Using a great example, check out Eric here on a MAX EFFORT attempt:

  • First off, I don’t want to hear from anyone about Eric’s back position. It’s a MAX EFFORT attempt, and things aren’t always going to be butterfly kisses and rainbows when you’re hoisting 660 lbs off the ground.  Even still, if we were to take a closer look we’d note that he’s still easily staying out of end range of motion (in terms of flexion) in the lumbar spine, and it’s still a helluva lot better looking than what most people do with 225 lbs.
  • But lets not get too far off track here. After the Trademarked EC arm swing, note how long he takes from when he initially grabs the bar to his initial pull: It’s like two seconds.  Max.

He’s not checking his foot placement, fiddling around with bar placement, running a mental checklist on his back position, or doing long division.  All that is done BEFORE he bends down to lift the bar.

It’s literally grab the bar and go.

Granted, those just learning the lift need to be a little more diligent on mastering the basics – I’d NEVER advocate that they “speed things up, ” but for everyone else, this is just some food for thought.

Seriously. Grip it and rip it!

3.  A few months ago I wrote an article over on Greatist.com titled The Reasons You’re Not Getting Stronger.

It turned out to be a fairly popular piece, and since then I’ve had a running relationship with them as well as several of their staff.

I’m not going to go into too many of details just yet – we’re still in 007 territory and can’t reveal too much – but Dan Trink and I are are going to be teaming up with Greatist.com on a pretty cool project that should 1) win us the Nobel Prize for Being Awesome, and 2) help A LOT of people take their health and fitness to a whole new level.

Stay tuned……….

4.  I live in a really cool city – Boston. Outside of the obvious – unparalleled history, great food, lots of entertainment, and the RedSox – Boston is also home to a plethora of outstanding fitness professionals.
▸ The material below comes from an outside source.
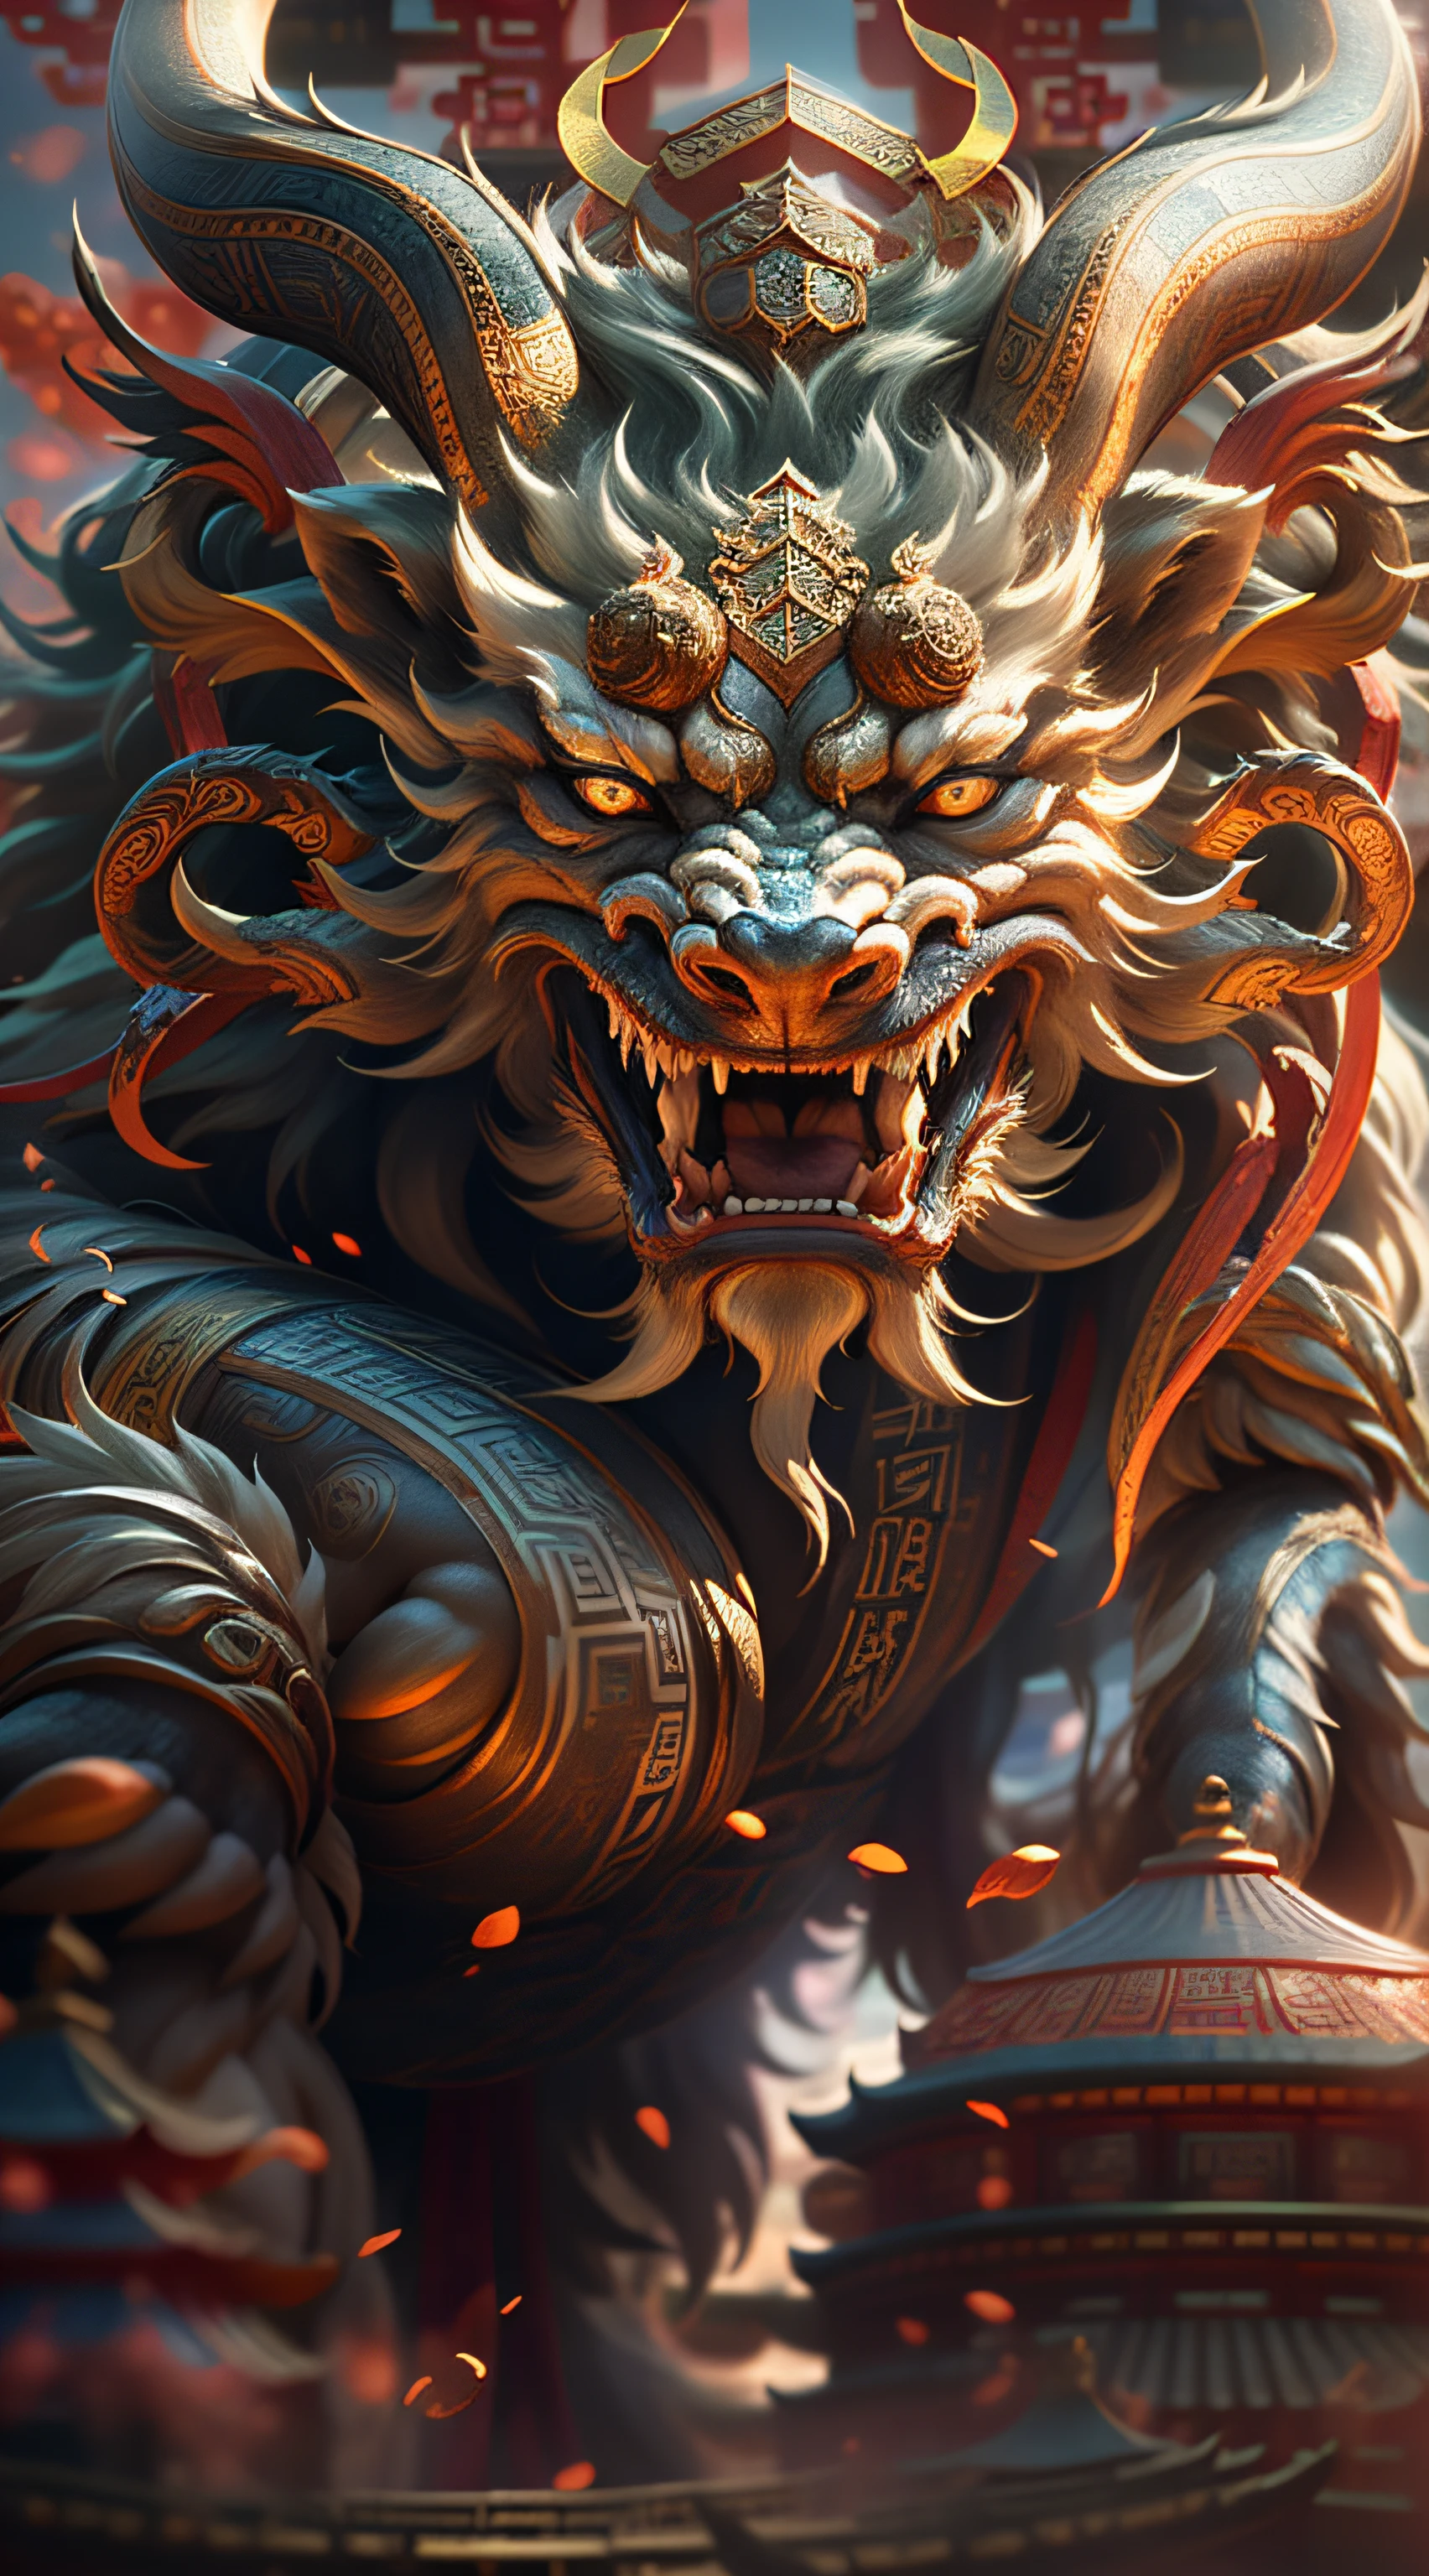 (Chinese ancient mythical beast + Chinese mythology + full of vitality), ultra-realistic 3D rendering, (masterpiece + best quality + high-detail), marvel at the figure, realistic performance of photography award-winning level + reproduction of the best visual effects, perfect shooting, get an eye-catching movie poster! Clear focus, depth of field.

In the years since I’ve been here and have seen my own career kinda take off, I’ve also had the opportunity to meet a lot of passionate and awesome people who are making a name for themselves in their own right.

One such person is Sirena Bernal.

Sirena and I are actually “neighbors” in a sense – we both live in the same neighborhood, and often joke about giving one another a high five at the local Trader Joe’s – and I  actually met her in person for the first time when she came to hear me speak to a group of personal trainers at a local Boston Sports Club this past spring.

Since then, she and I have kept in touch here and there, and she’s basically blowing up right before our eyes and becoming a superstar.

I read my fair share of blog post, and this one by Sirena:  My Healing Journey Part I and Part II, is easily one of the best I’ve read in a while.

Do yourself a favor and read them both. They’re hands down two of those most real and “ballsy” posts I’ve ever read.

Awesome stuff Sirena!

On that note, I’m going to go get my deadlift on. I feel like a kid on Christmas morning because I’m going to work up to a “sorta heavy” single vs. chains today, which will be my first attempt at anything baller in like two months. Fingers crossed my back doesn’t explode!